Но первое впечатление от знакомства с лакеем не проходило.
Лет через двадцать после нашей первой встречи он, в твидовом английском пиджаке, вылез ко мне на улице из новенького автомобиля с книжицей своих стихов, раскрыв которую тут же стал черкать свой автограф, и я отметил, что теперь то место, где должна быть у человека шея, он обозначает кокетливым цветным платочком, завязанным под подпирающий уши расстегнутый ворот рубахи, и хотя голова по-прежнему пребывает в положении «чего изволите?», зато нижняя губа высокомерно оттопырилась, а весь он погрузнел, обрюзг и больше не годится опускать подножку барской кареты, а вполне подходит для встречи именитых гостей на начищенном паркете у парадной лестницы хозяйского особняка.
А недавно я наблюдал его среди гостевой толкучки на приеме в одном из гостеприимных иностранных посольств. Он прижал в углу какого-то респектабельного господина и что-то неумолчно вещал ему через свою совсем по-старчески отвисшую нижнюю губу. Неизменен был цветной платочек на месте шеи, но белый чесучовый пиджак очень уж заметно горбатился на спине, а сильное поредение волос надо лбом компенсировалось спущенными с затылка длинными седыми космами.

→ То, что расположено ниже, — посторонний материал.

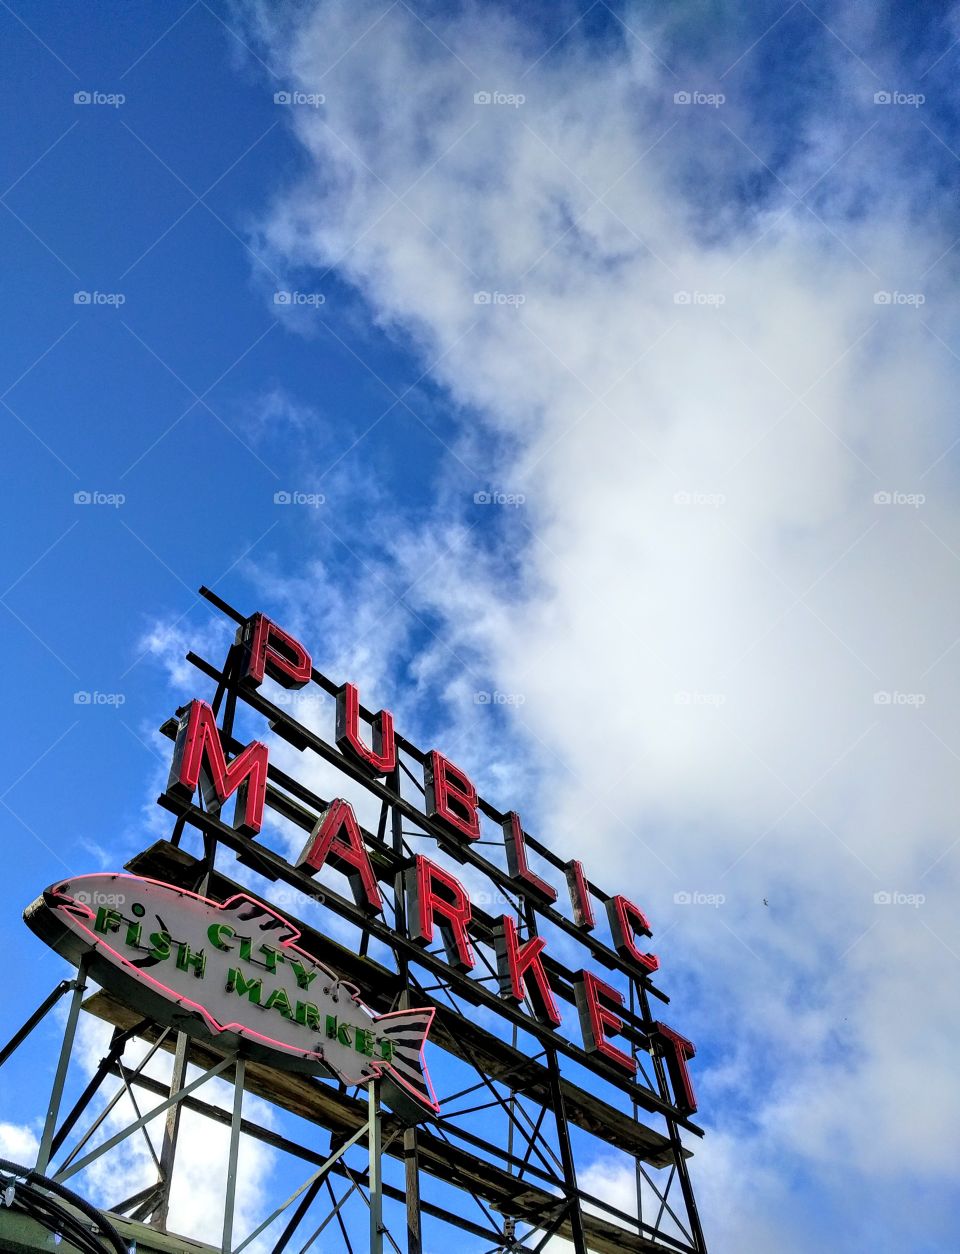 Pikes Place Market Seattle, WA

И я подумал, что, возможно, недалек тот день, когда обжитая писательская «людская», где наш лакей отвоевал себе теплое местечко, опустеет и будет стоять с запыленными окнами и запертыми дверями – за ненадобностью литературной прислуги.
В Москве на большой юбилейной выставке «Мир Пастернака» я обратил внимание на знакомую мне фотографию в одном из остекленных стендов, снятую польскими гостями пастернаковской дачи в Переделкино в июле 1957 года.
На первом плане Борис Леонидович, нарядный, в белом костюме. За ним на ступенях террасы две фигуры: смеющаяся женщина в накинутом на плечи платке и улыбающийся юнец. Эти двое – моя мать (неузнаваемая для огромного большинства посетителей выставки) и поэт Андрей Вознесенский (должно быть, узнаваемый этим большинством), фигура Пастернака сдвинута к левому краю кадра. Изображение стоящего еще левее, рядом с Борисом Леонидовичем, человека аккуратно отрезано: виден лишь локоть и край пиджака. На всей выставке, торжественно разрекламированной прессой и телевидением как самое емкое и полное отображение жизни и творчества поэта, посетители не увидели не только лица близкого друга Пастернака, прославленного актера Бориса Ливанова, но не смогли прочесть ни одной строчки, адресованной ему поэтом. Случайность ли? Упущение устроителей выставки? Или просто не осталось никаких наглядных свидетельств этой дружеской близости поэта и актера – многолетней, творческой?